It’s all about the fireplace in week five of the One Room Challenge sponsored by #ORC and #BHGORC.
As I have said before, this is my fourth ORC but I have never been so far behind at this stage. Usually by week five I am putting on the finishing touches getting ready to take photos. At this point we are still waiting for carpet and wallpaper.
I was so grateful when we received an email last week indicating that the One Room Challenge had been extended by one week. I am hoping that the things we are waiting for, arrive and that we can finish this room in the allotted time.
This is what happened so far on my project in Week One, Week Two, Week Three and Week Four.
Let me tell you about the progress we made this week.
Stencilling the Fireplace Hearth
I posted a picture on Instagram last week of me stencilling the hearth and I am happy to say that is finally complete.
I selected the Nagoya tile stencil from Cutting Edge Stencils in size 6 x 6. The sizing worked out perfectly as the hearth has two rows of 6 x 6 stencils. Here are a couple of things that I feel are important when stencilling:
- Use the right brush. This is the brush I have used both times I have stencilled and it works really well. It is used with a dabbing motion and I think that helps to reduce the amount of bleeding under the stencil.
- Trim the stencil. If you are going to stencil on tiles that are beside each other, it is important to trim the excess off the stencil. This is done so the excess doesn’t rub on the tiles you just painted.
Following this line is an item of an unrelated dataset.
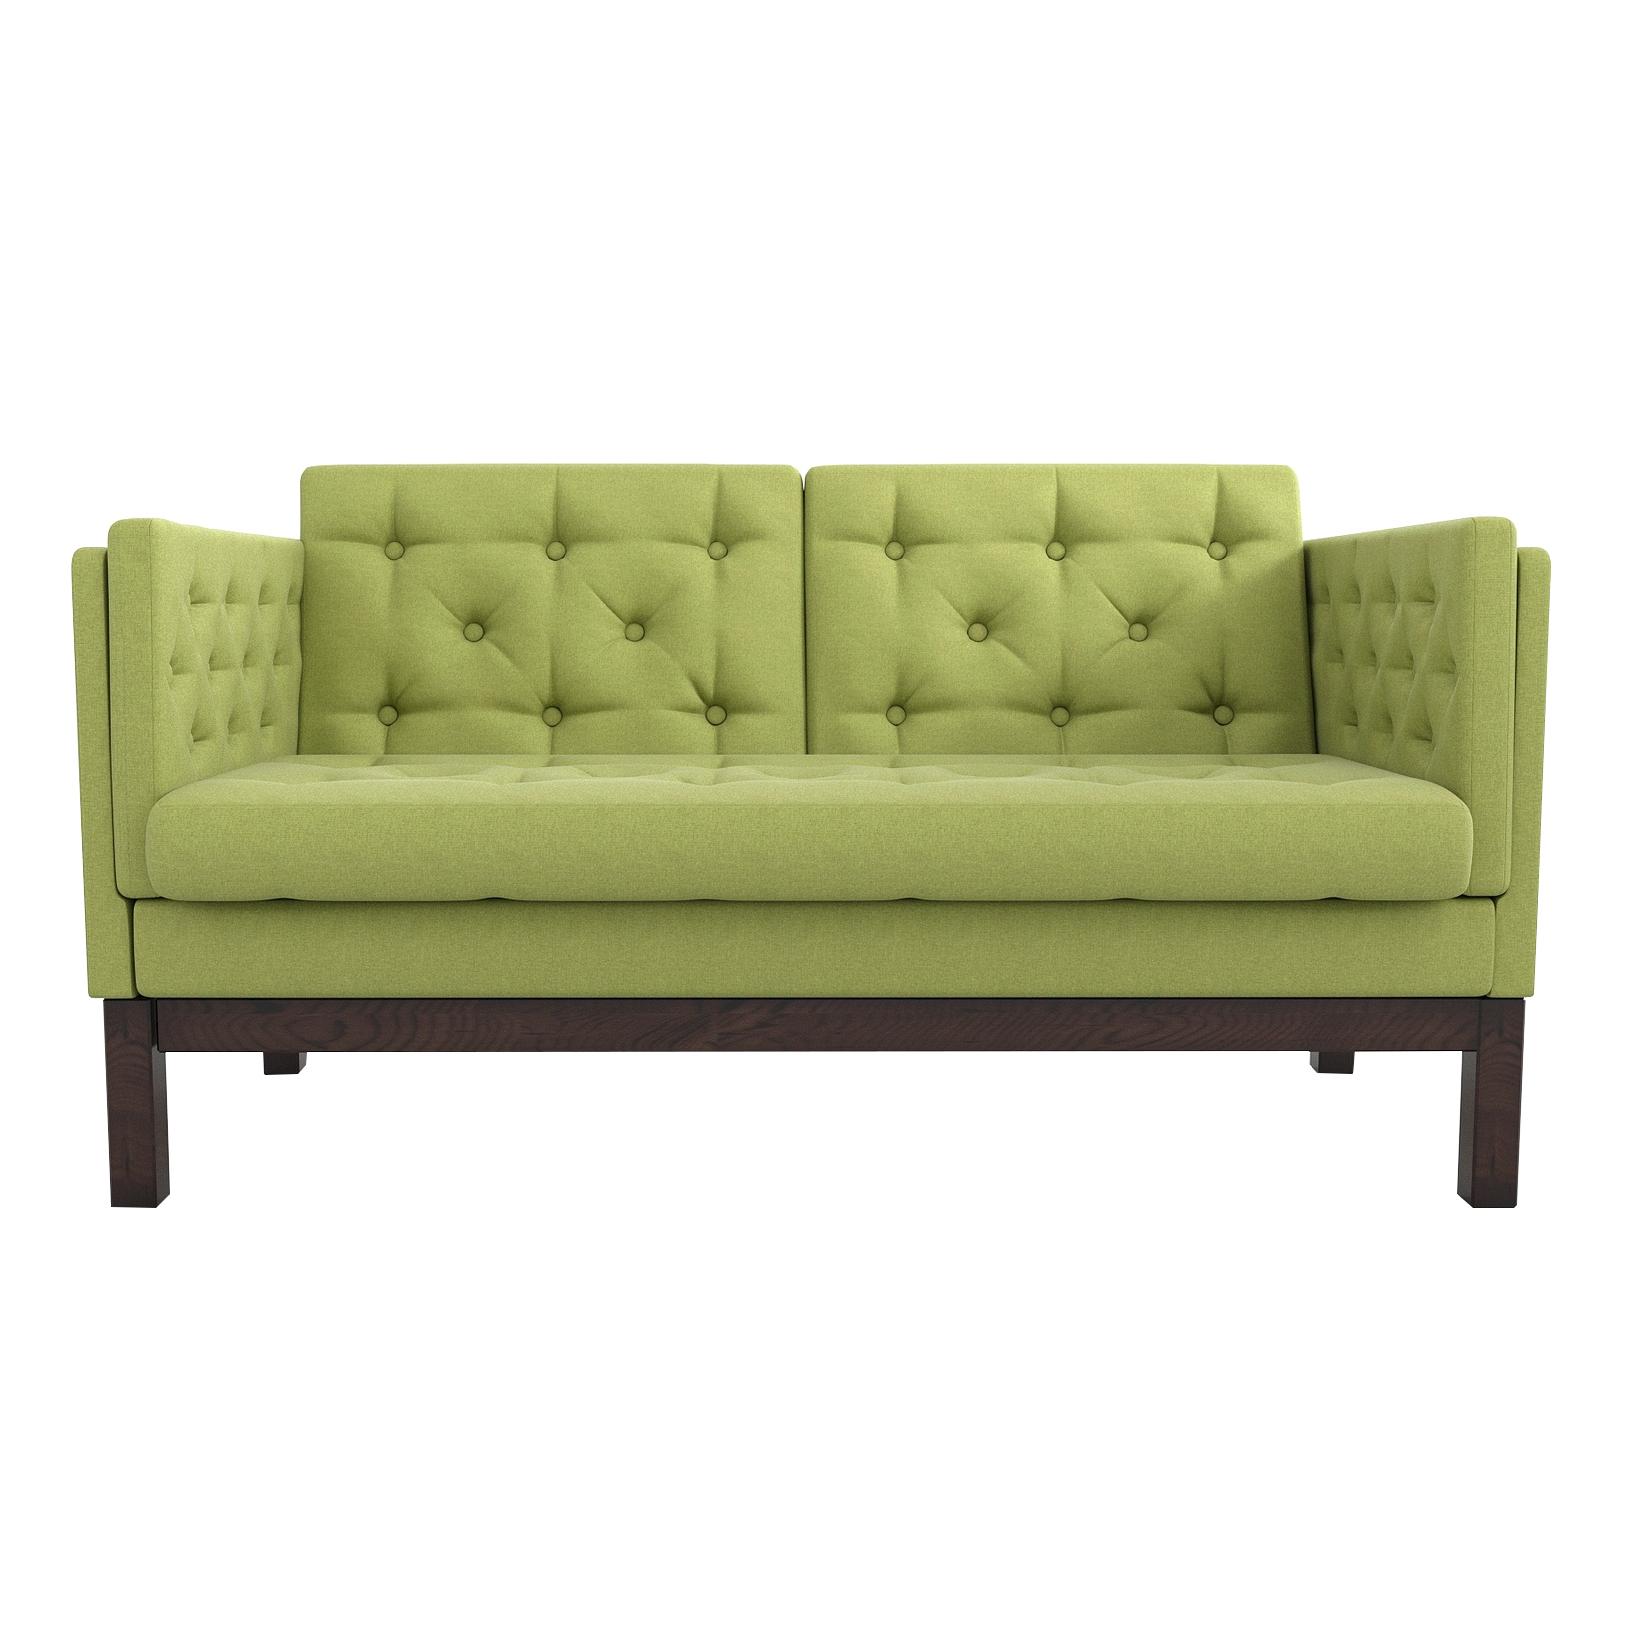 Фото - Диван AS Алана м 154x82x83 венге/зеленый диван as алана м 154x82x83 сосна коричневый

- Do not use too much paint. The instructions suggest putting the paint on a paper plate and dabbing the excess off before you apply the paint. This is important to avoid bleeding.
- Go back and touch up. Once I was finished stencilling, I went back to cover up the grey paint that I got other the white and vice versa and also to tidy up any bleeds, with a tiny art paint brush.
- Once the paint is cured (24 hrs), apply a clear top coat. I used a satin, non-toxic top coat so there would be no shine.
Installing the Fireplace Mantle
Another area where we made progress was on the mantle. I mentioned in a previous week, that we bought a piece of maple at a local wood store (9 1/4 inches deep, 11/2 thick and 79 in long). This is the installation process:
- We measured the length of the mantle. The TV will be on the other side of the fireplace so we wanted space between the TV and the mantle. We also decided on the height.
- Hubby took over from here. He cut the wood to length, sanded it and applied a clear coat.
- Four pieces of 1/2 inch re-bar, two feet in length, were purchased. He only needed 12 inches in length so he cut them down using a grinder. (You can get re-bar in smaller lengths, but he was not exactly sure of the length he would need)
- He also used the grinder to smooth out the uneven bits on the ends of the re-bar that would be going into the wood. This was done so that the re-bar would slide easily into the wood.
- The next step was to make four evenly spaced marks on the brick on the brick.
- Of course, my super meticulous husband made a template of the marks. He used a left over piece of straight trim, on which he added the exact markings from the fireplace. He then transposed those markings on to the wood.
- In the places that he marked on the wood he made 3/8 in pilot holes, free hand, with a long bit, 6 inches deep. He did this because it is easier to drill a thin hole more accurately than a thick one.
- It was then much easier to make the hole bigger using the 5/8 wood drill bit. He made the holes six inches deep.
- On the fireplace, he used a 1/2 inch masonry bit, to drill six inch holes into the mortar.
- Using a lump hammer he hammered the re-bar into the pre-drilled holes in the fireplace.
- Hubby lifted the wood, lined the re-bar up to the pre-drilled holes and slid it on.
In other progress, I have started making decorative pillow covers. Hubby’s job this coming week, while we wait for the carpet and the wallpaper to arrive, is to change all the electrical outlets to white.